Table 2. XRF Elemental Analysis
The SEM images of the untreated and treated RHS samples are shown in Fig. 3. Figure 3a shows a flat surface with no clear boundaries. The untreated RHS was comprised of non-cellulosic and hemicellulose components that bound the particles together, which resulted in the irregular shape of the silica particles. The solvent-thermal treatment that was used to purify the cellulose components had modified the morphology of the RHS. The solvent mixture, which consisted of non-polar and polar solvents, had influenced the shape of the particles. Noushad et al. (2012) had reported that using non-polar solvents in rice husk treatments could produce irregular silica particles, while polar solvents could produce spherical and well-rounded silica particles. The silica particles were probably solvated by the polar solvent (ethanol), thus increasing the surface area. This condition is believed to be responsible in obtaining the sphere-shaped silica particles, while when a non-polar solvent (toluene) was used, the degree of agglomeration was significantly increased.
As shown in Fig. 3b, the treated RHS was spherical in shape and highly agglomerated.
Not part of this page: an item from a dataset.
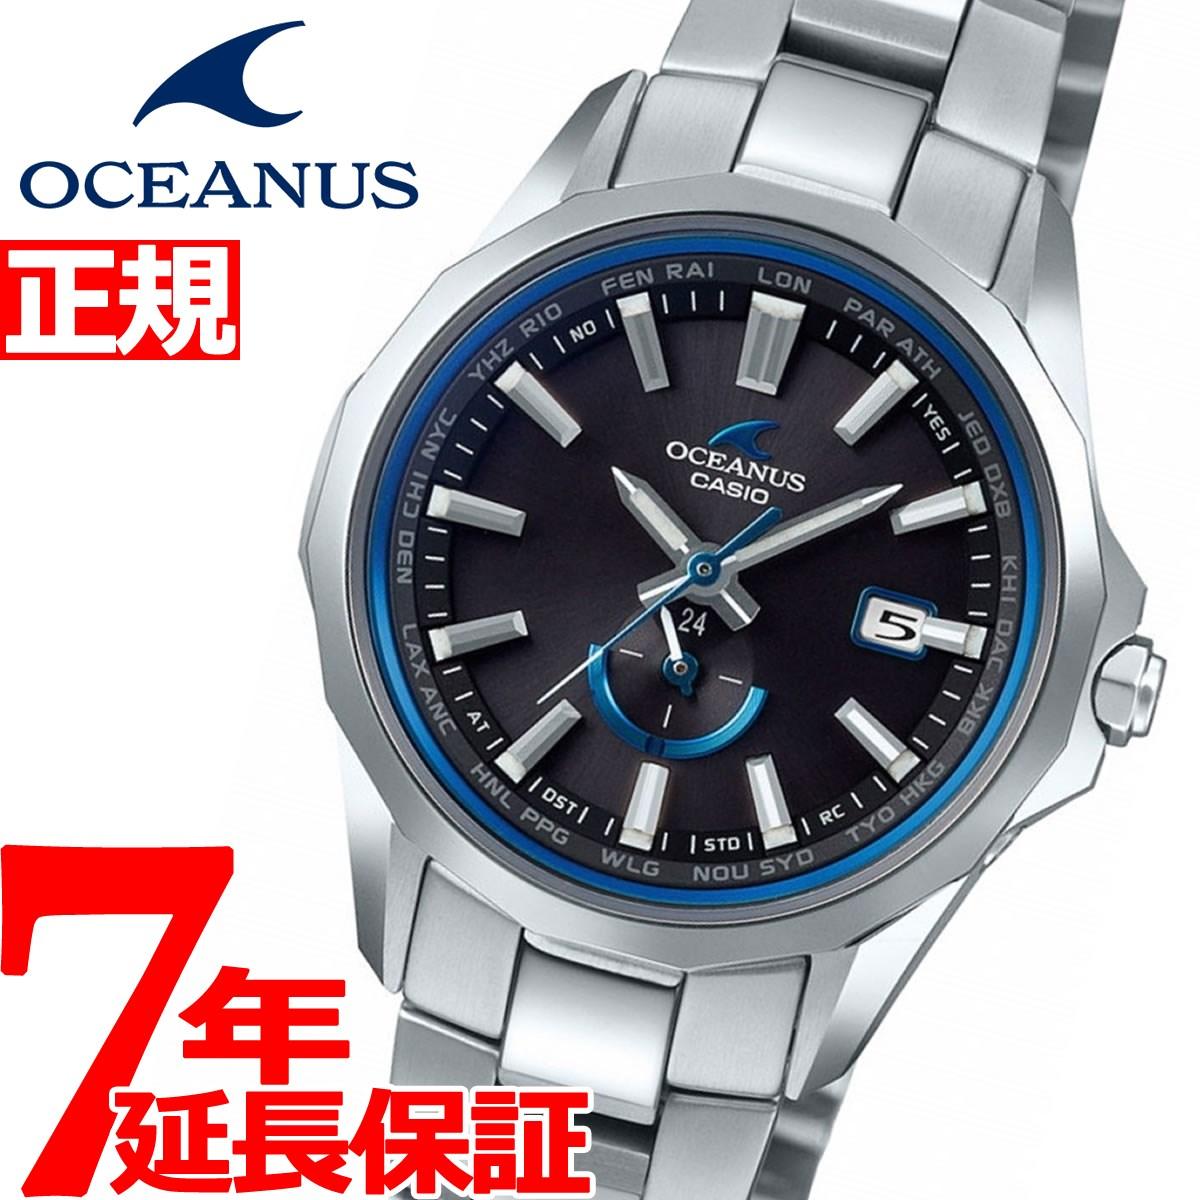 カシオ オシアナス マンタ CASIO OCEANUS Manta 電波 ソーラー 腕時計 レディース アナログ タフソーラー OCW-S350-1AJF【2018 新作】

The agglomeration was due to the hydroxyl groups on the surface of RHS, which resulted in strong interactions among the RHS particles. The size distribution of the untreated and treated RHS particles varied from 100 to 300 nm. The BET analysis showed the untreated RHS as having a surface area of 11.4 m2/g, while the surface area of the treated and leached RHS was 234.2 m2/g. Theoretically, a higher surface area would result in a smaller particle size that would perhaps yield a higher reinforcing effect on the rubber matrix.